O relator da CPI dos Grupos de Extermínio já tem um dossiê que reúne casos de execução em Santo Antônio de Jesus, Camaçari e Paratinga (BA), Guarulhos e Ribeirão Preto (SP), Vitória (ES), Manaus (AM), interior do Pará, Minas Gerais e no entorno de Brasília. No Pará, continua impune o assassinato do sindicalista João Canuto, presidente do Sindicato dos Trabalhadores Rurais de Rio Maria. Na região metropolitana de Belo Horizonte, assaltantes como Evandro Ribeiro Soares, 18 anos, e Anderson Jhosé Alves Batista, 27, assassinados em julho, foram encontrados com as cabeças cortadas. Na periferia e região metropolitana de Salvador, casos de execução aumentaram 291%, com 46 assassinatos só este ano. “Eles instalaram uma justiça paralela, onde condenam, com tribunais extrajudiciais, com a presença de delegados e comerciantes”, aponta Luiz Couto. Oito em cada dez casos de execução têm o envolvimento de policiais civis ou militares.

“Temos que desmantelar isso de vez. Todo mundo sabe quem está matando, nome, patente, tudo. Não prendem porque não querem”, afirma o secretário Nacional de Direitos Humanos do Ministério da Justiça, Nilmário Miranda, que defende o envio de uma força-tarefa para o foco dos grupos de extermínio em Pernambuco. “O mais grave é que esses grupos têm a proteção de gente em todos os níveis do poder público, Executivo, Legislativo, Judiciário”, reconhece o delegado federal Rodney Rocha Miranda, secretário de Segurança Pública do Espírito Santo, que acaba de criar um Grupo de Combate à Impunidade no Estado para enfrentar o poder da Scuderie Le Coq e prepara um ranking dos 30 principais pistoleiros de Vitória, Vila Velha, Cariacica e Serra. A maioria dos 100 homicídios registrados por mês no Espírito Santo tem ligação com o crime organizado, como o assassinato, em março deste ano, do juiz Alexandre Martins de Castro Filho.

O relatório “Execuções Sumárias no Brasil”, da ONG Justiça Global, seleciona 349 execuções entre 1997 e 2003, concluindo que existe
no País um sistema de “extermínio e opressão perpetrado diariamente, direta ou indiretamente, por agentes do Estado”. “O envolvimento de policiais no extermínio de populações pobres é gravíssimo“, diz Sandra Carvalho, diretora da Justiça Global. Outro relatório, do Núcleo de Estudos da Violência da USP, denuncia o extermínio sistemático de jovens de 16 a 24 anos, homens pobres e moradores das periferias. Em São Paulo, entre 2001 e 2003, foram identificados 21 casos de atuação de grupos de extermínio, com 50 mortes.
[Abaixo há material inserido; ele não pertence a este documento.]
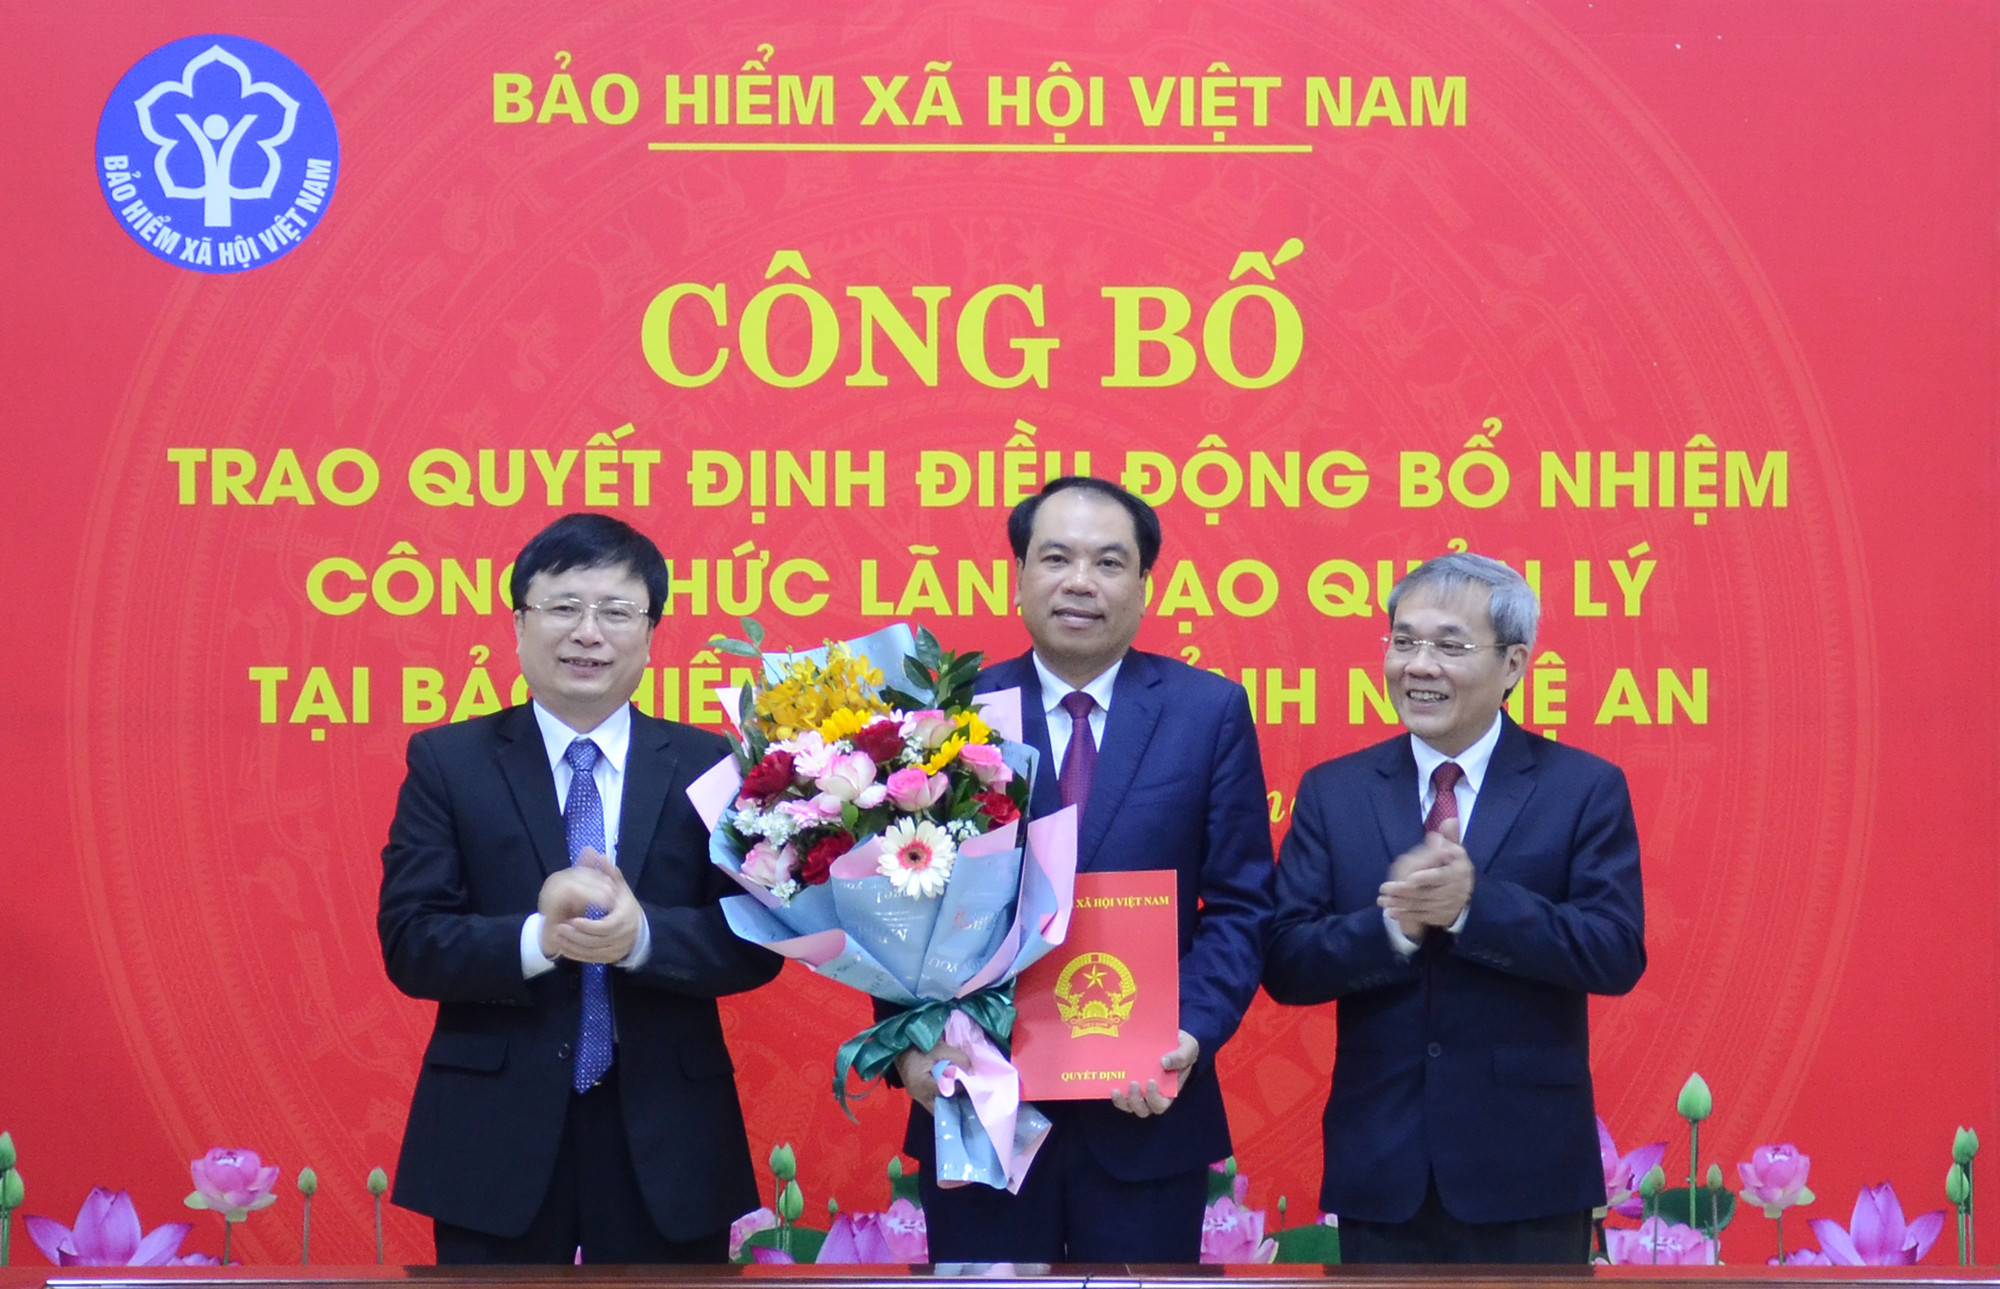 Lãnh đạo BHXH Việt Nam, UBND tỉnh Nghệ An trao quyết định bổ nhiệm và tặng hoa cho đồng chí Hoàng Văn Minh. Ảnh: Thành Chung

Em bairros como Jardim Presidente Dutra, em Guarulhos, seis testemunhas e parentes de pessoas assassinadas vêm sofrendo ameaças de policiais-exterminadores. Hoje, 550 pessoas vivem no País sob a guarda do Programa de Proteção às Testemunhas, 130 em São Paulo. Metade dos protegidos é de sobreviventes ou testemunhas. Em São Paulo, a corregedoria da PM recebeu 362 denúncias contra policiais em 2000 e 543 este ano. No Rio de Janeiro, a Corregedoria Geral Unificada, que acolhe denúncias contra policiais, recebeu 130 denúncias em 2000, quando foi criada, e 600 este ano. “Estamos tentando romper uma tradição de brutalidade e violência policial”, explica o secretário de Direitos Humanos do Rio, João Luís Duboc Pinaud. Numa lógica inversa à do ex-secretário de Segurança do Rio, general Newton Cerqueira, que premiava quem matasse mais, o governo do Rio decidiu instituir uma premiação para os policiais que tiverem a
ficha limpa de execuções e torturas.